··· Records for this exercise

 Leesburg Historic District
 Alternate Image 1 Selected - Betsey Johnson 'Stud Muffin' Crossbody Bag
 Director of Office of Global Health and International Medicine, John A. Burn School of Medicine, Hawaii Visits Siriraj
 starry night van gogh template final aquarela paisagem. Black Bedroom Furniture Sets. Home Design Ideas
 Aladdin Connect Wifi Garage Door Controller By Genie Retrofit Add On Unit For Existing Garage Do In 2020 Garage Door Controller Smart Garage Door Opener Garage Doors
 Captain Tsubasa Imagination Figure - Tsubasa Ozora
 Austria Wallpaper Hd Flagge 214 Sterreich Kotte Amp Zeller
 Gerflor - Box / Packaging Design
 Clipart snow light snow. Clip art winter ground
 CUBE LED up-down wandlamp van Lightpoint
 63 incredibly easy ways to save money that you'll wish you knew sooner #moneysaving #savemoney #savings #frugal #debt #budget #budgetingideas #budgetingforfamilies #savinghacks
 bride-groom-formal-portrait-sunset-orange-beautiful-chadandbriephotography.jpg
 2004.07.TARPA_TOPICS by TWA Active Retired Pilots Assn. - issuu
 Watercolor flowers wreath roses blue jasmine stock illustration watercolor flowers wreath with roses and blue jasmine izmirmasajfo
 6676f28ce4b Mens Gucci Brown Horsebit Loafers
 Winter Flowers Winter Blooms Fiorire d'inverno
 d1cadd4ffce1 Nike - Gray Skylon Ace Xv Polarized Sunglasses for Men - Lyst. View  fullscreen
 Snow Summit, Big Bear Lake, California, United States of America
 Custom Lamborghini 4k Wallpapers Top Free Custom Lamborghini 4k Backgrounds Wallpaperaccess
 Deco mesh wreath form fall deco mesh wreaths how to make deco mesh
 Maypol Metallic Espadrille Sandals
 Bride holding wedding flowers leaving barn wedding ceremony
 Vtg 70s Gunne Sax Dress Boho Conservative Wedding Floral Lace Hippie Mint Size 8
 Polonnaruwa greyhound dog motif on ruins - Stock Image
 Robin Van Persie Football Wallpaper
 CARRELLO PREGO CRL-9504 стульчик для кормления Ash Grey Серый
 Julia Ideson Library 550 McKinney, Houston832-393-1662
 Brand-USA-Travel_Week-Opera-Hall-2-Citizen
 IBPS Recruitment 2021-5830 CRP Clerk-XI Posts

······

*Work order*: Copy out only the lines above from the one with "Alternate Image 1" to the one with "63 incredibly easy", inclusive, exactly as they stand.

*Result for this task*:
 Alternate Image 1 Selected - Betsey Johnson 'Stud Muffin' Crossbody Bag
 Director of Office of Global Health and International Medicine, John A. Burn School of Medicine, Hawaii Visits Siriraj
 starry night van gogh template final aquarela paisagem. Black Bedroom Furniture Sets. Home Design Ideas
 Aladdin Connect Wifi Garage Door Controller By Genie Retrofit Add On Unit For Existing Garage Do In 2020 Garage Door Controller Smart Garage Door Opener Garage Doors
 Captain Tsubasa Imagination Figure - Tsubasa Ozora
 Austria Wallpaper Hd Flagge 214 Sterreich Kotte Amp Zeller
 Gerflor - Box / Packaging Design
 Clipart snow light snow. Clip art winter ground
 CUBE LED up-down wandlamp van Lightpoint
 63 incredibly easy ways to save money that you'll wish you knew sooner #moneysaving #savemoney #savings #frugal #debt #budget #budgetingideas #budgetingforfamilies #savinghacks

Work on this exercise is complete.